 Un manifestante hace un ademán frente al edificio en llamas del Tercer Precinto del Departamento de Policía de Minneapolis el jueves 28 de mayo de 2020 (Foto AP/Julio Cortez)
...
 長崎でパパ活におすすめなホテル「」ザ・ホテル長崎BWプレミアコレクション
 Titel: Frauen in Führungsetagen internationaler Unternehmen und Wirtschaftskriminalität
...
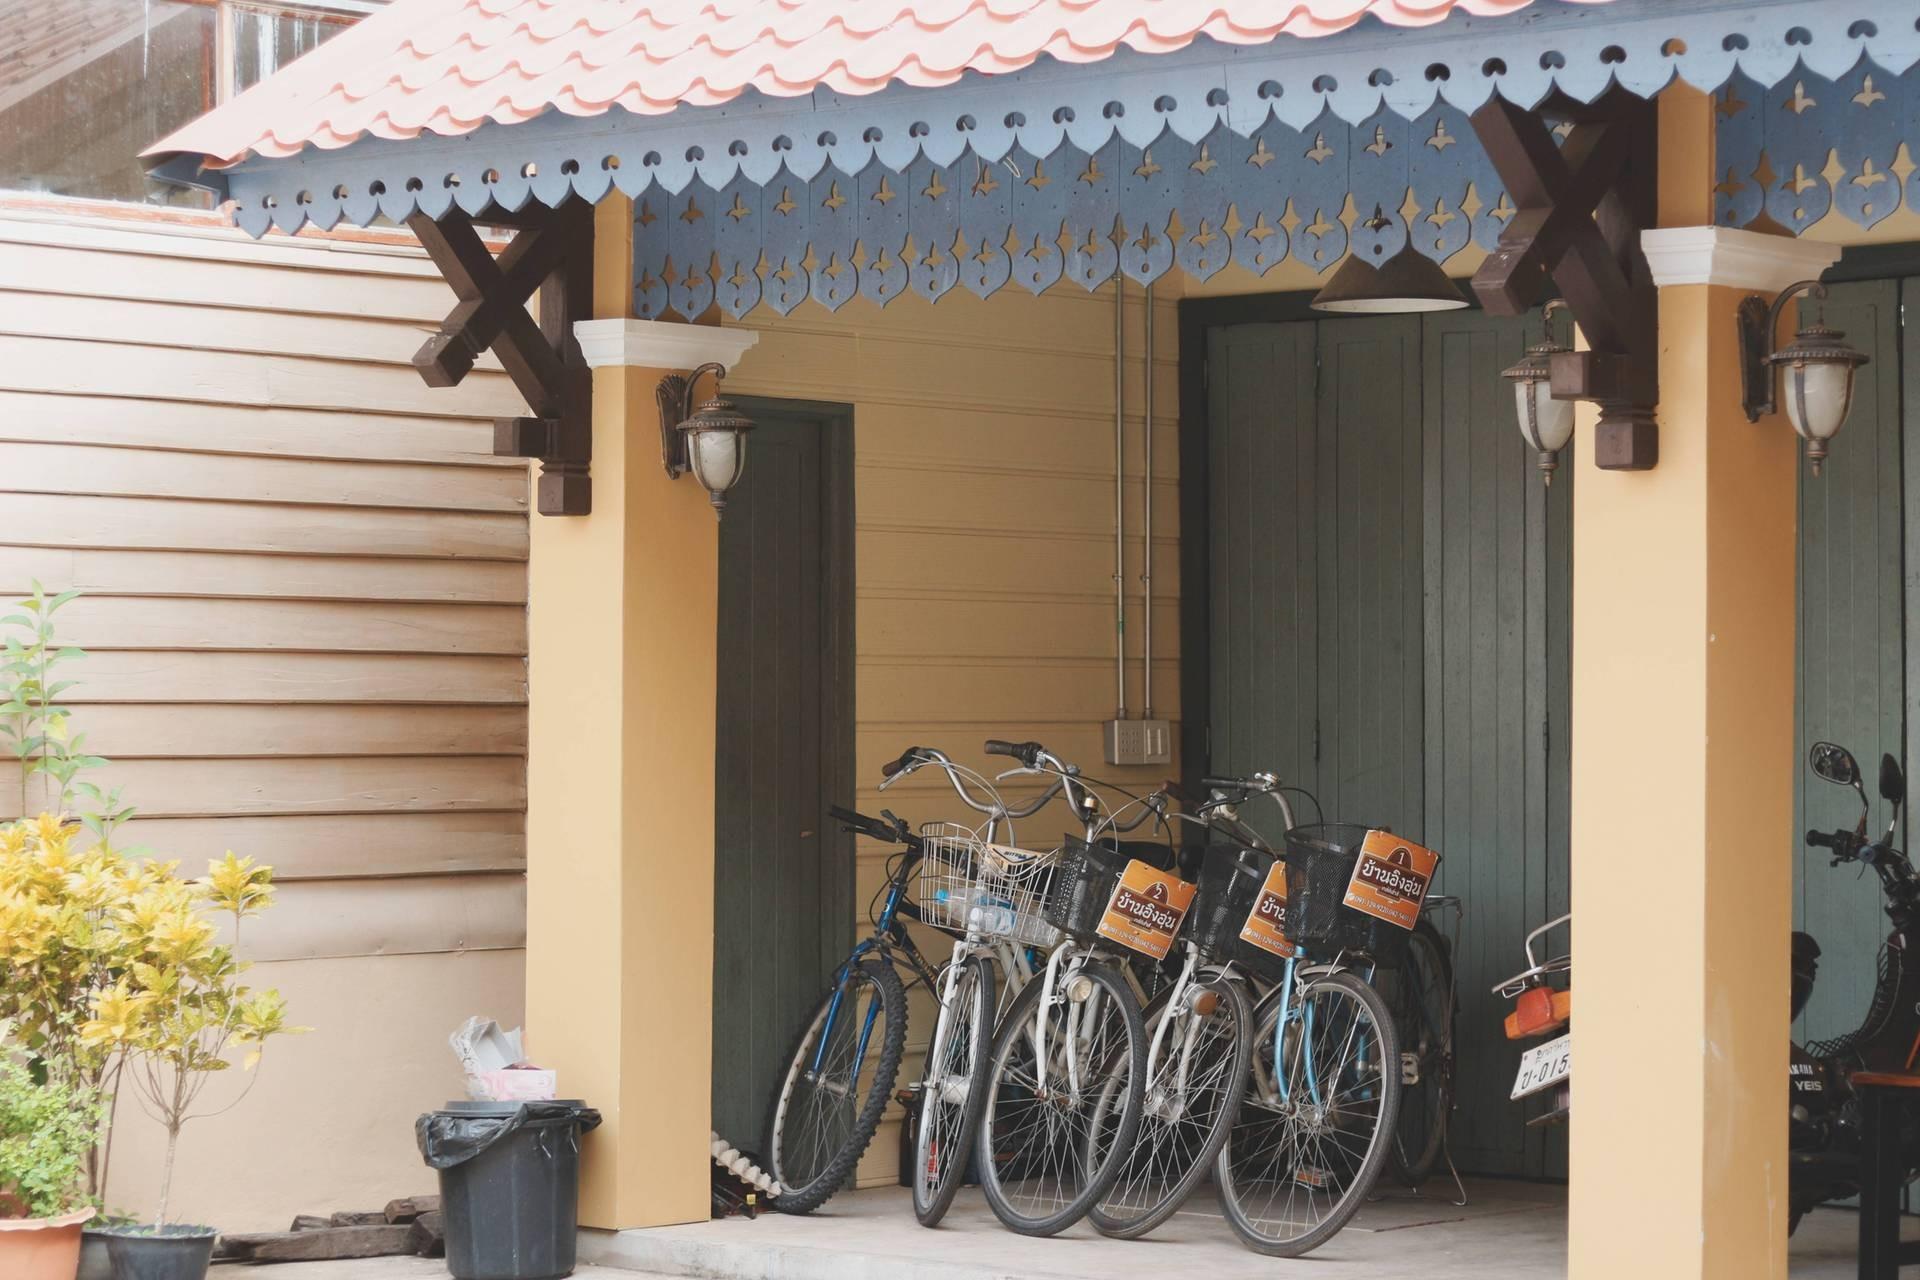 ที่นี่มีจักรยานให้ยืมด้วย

Task objective: Within the data above, the lines from the one with "長崎でパパ活におすすめなホテル「」ザ・ホテル長崎BWプレミアコレクション" to the one with "Titel: Frauen in" must be repeated exactly; no other line belongs in the answer.

Reply:
 長崎でパパ活におすすめなホテル「」ザ・ホテル長崎BWプレミアコレクション
 Titel: Frauen in Führungsetagen internationaler Unternehmen und Wirtschaftskriminalität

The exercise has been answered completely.